One romantic rejection and several stupid anecdotes from my family, and I was back to my starving regimen. At the age of 15, I lost 20 or 25 pounds, this time with a little more height on me. My clothes hung off my frame. And NOW people had the nerve to be worried about me. “I wish you would tell me your secret,” some adults would say to me. My parents were very concerned, but they didn’t know what to do about it, so they grounded me.
I was once punished by not getting to go over to a friend’s house for the weekend until I gained a certain amount of weight. When I didn’t fold and just retreated to my room or my piano each time that happened, and continued to eat less and less, they resorted to asking other people to talk to me for them.
It happened a number of times, but the most frustrating was when they asked a family friend, a young woman who ordinarily wouldn’t give me the time of day, to take me on a brief walk and explain why it’s not cool to starve myself. This was the most infuriating thing. I might have been young, but I knew she didn’t want to talk to me. I knew my parents had put her up to it, and it was the sorriest attempt at manipulation I’d had in my short life. It fueled my desire to control my weight any way I knew how.
The entire ordeal affected my view of people. It destroyed any trust I’d had in my parents, and it showed me who my real friends were.
In short, it made me very, very angry.
It wasn’t until college, when I had the culinary world at my feet and a gym around the corner, that I was able to push past everyone’s perceptions of me, what they wanted for me, and what I thought of their opinions of me. There were some months of fast food and snacking freshman year, but it didn’t take me long to start valuing a good breakfast, salads and vegetables, having protein to lift your energy during a sleepy afternoon, and other sound eating habits. I was able to lift weights to relieve stress between bouts of trying homework, and later I began the therapeutic practice of running.

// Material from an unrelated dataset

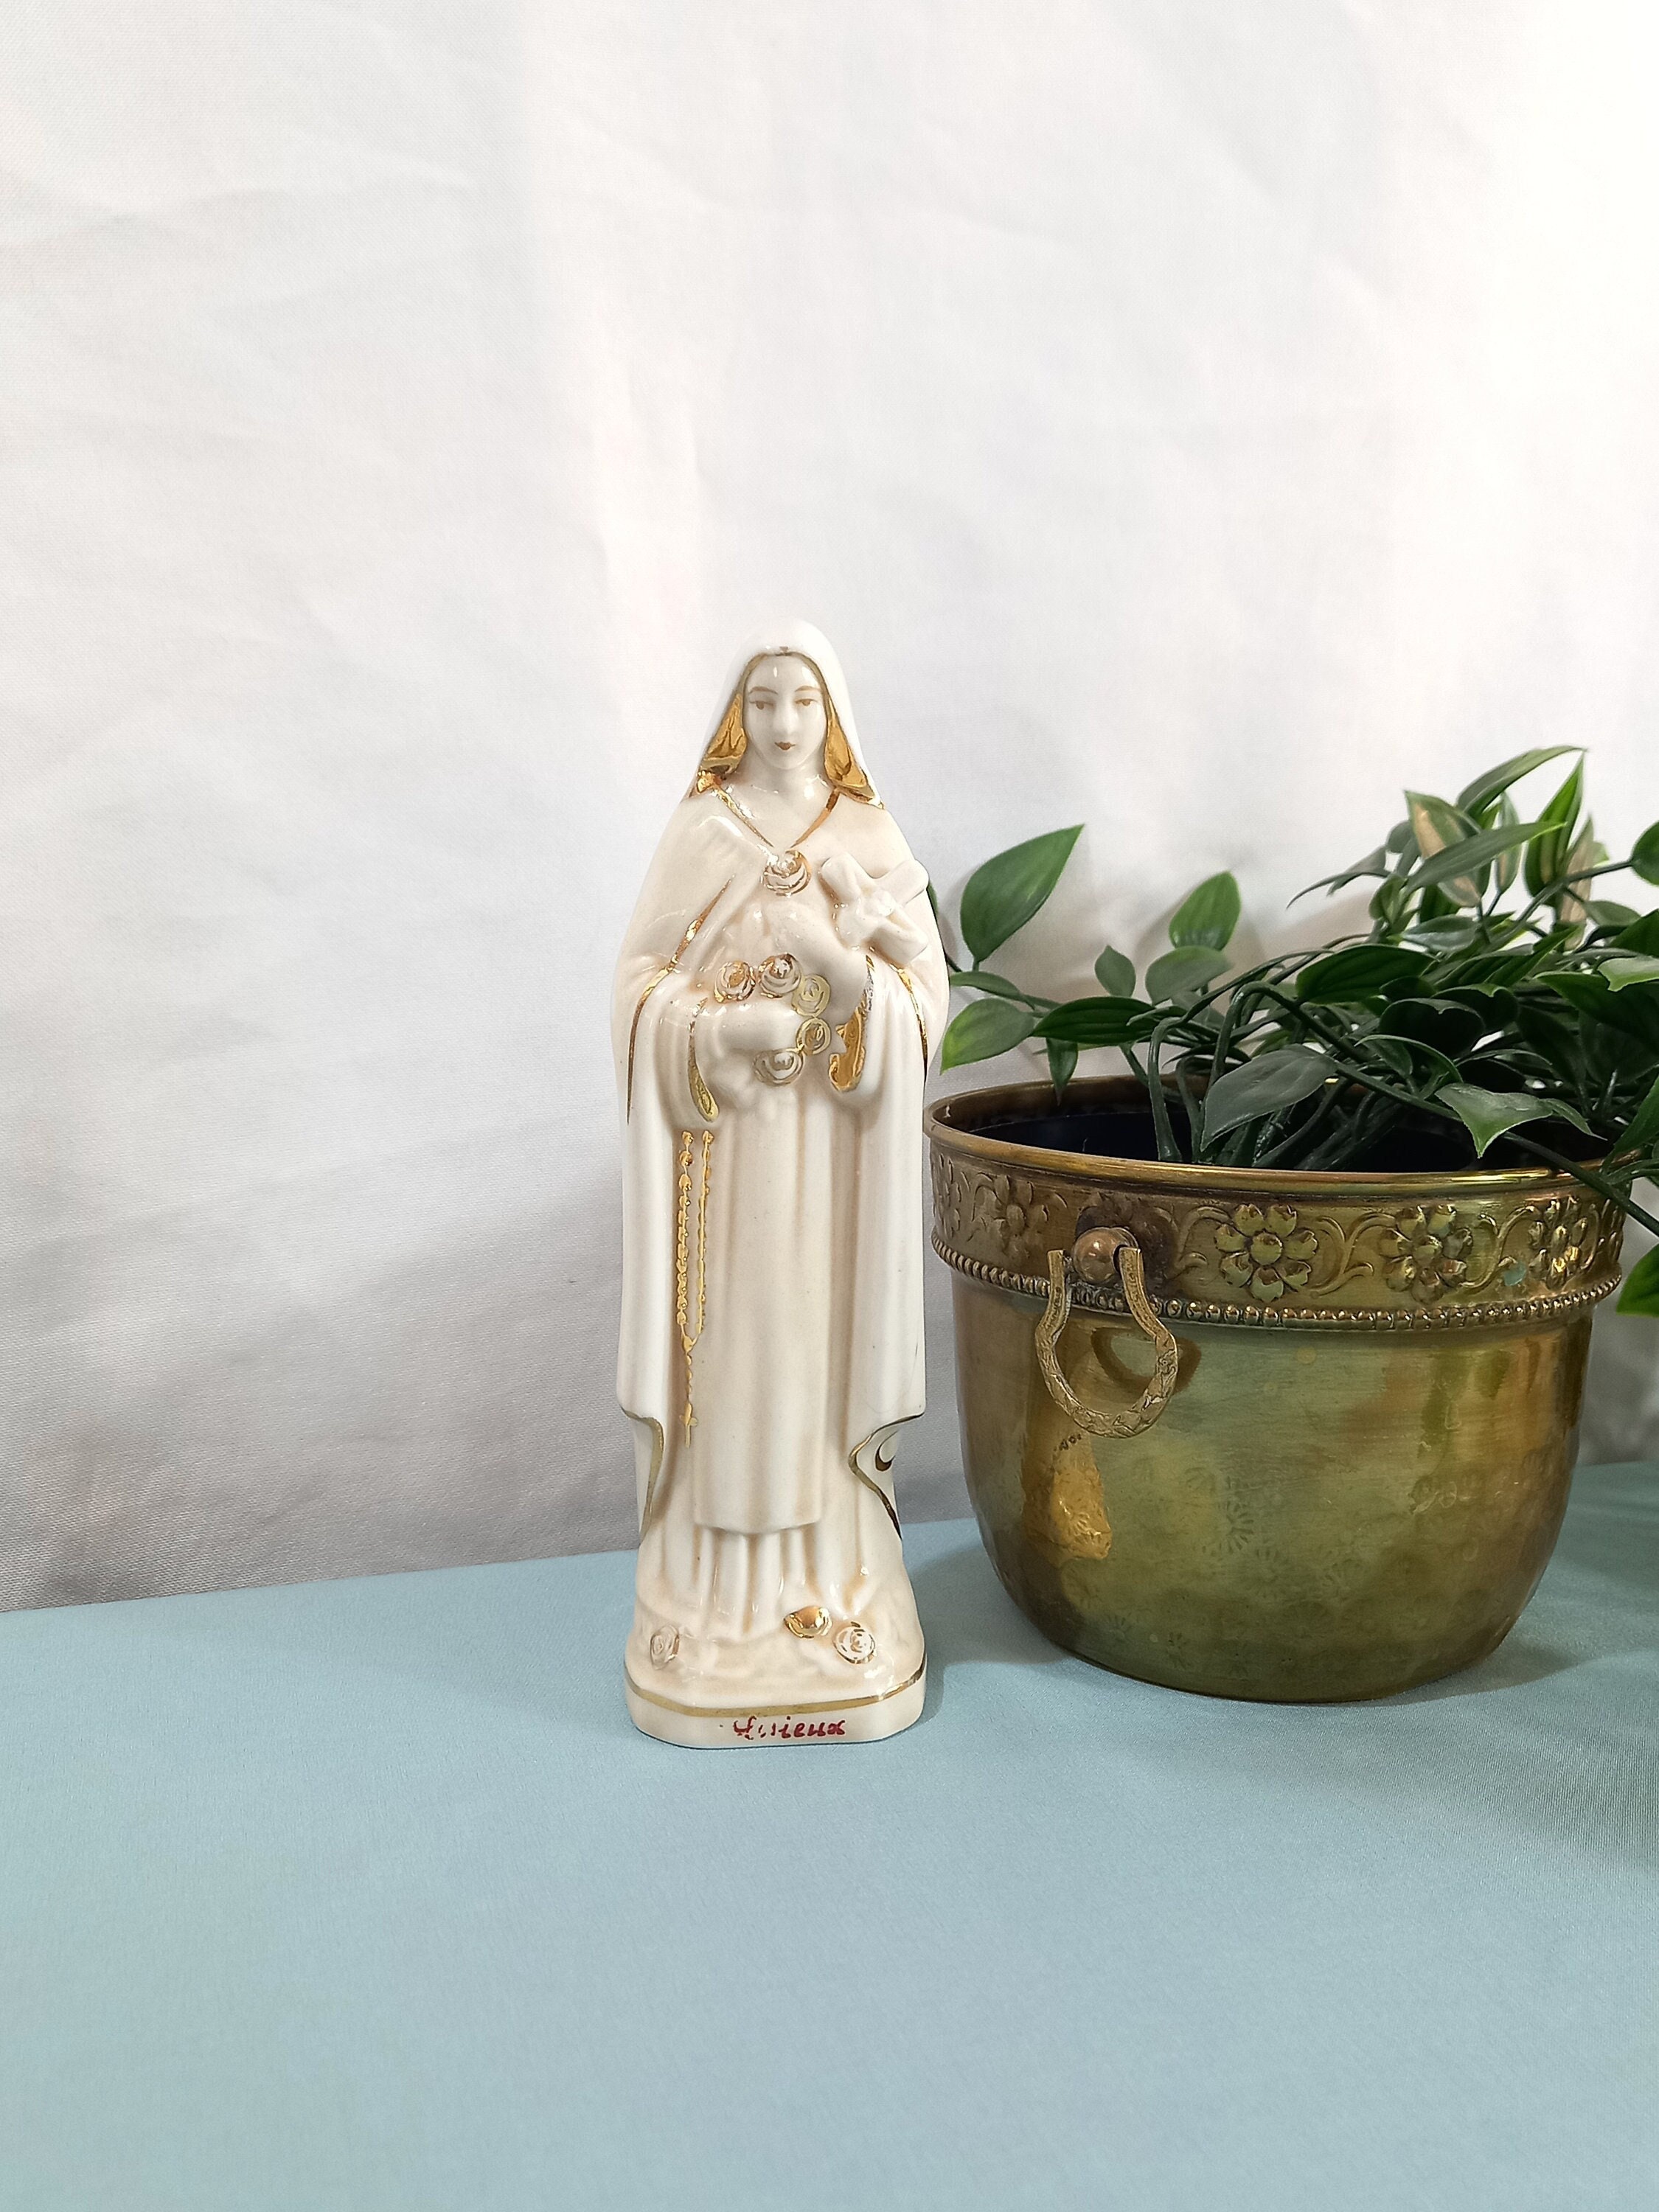 6.22 Porcelaine Sainte Thérèse de Lisieux Statue - Vintage Relique Manteau Catholique Statue

To this day (I’m now 25), my aunts still ask me what my dress size is. Just to know. Not because they want to pass on hand-me-down clothing or anything. My parents sometimes balk at the amount of miles I run per week. And the boys who made cruel comments in high school often try to reconnect with me on Facebook, and are baffled why I claim not to remember them or simply want nothing to do with them. But none of that affects me any longer, because I’m an adult and my formative years in that respect are over. I made a choice to lead a different lifestyle so I could have more healthy years in front of me- without any of that condescension, judgment or baggage- to do whatever I want and surround myself with people who genuinely have my best interest at heart.
I can’t affect what you do or say to the little girls in your life, and I’m not here to preach, but just know that they are listening closely. Very closely.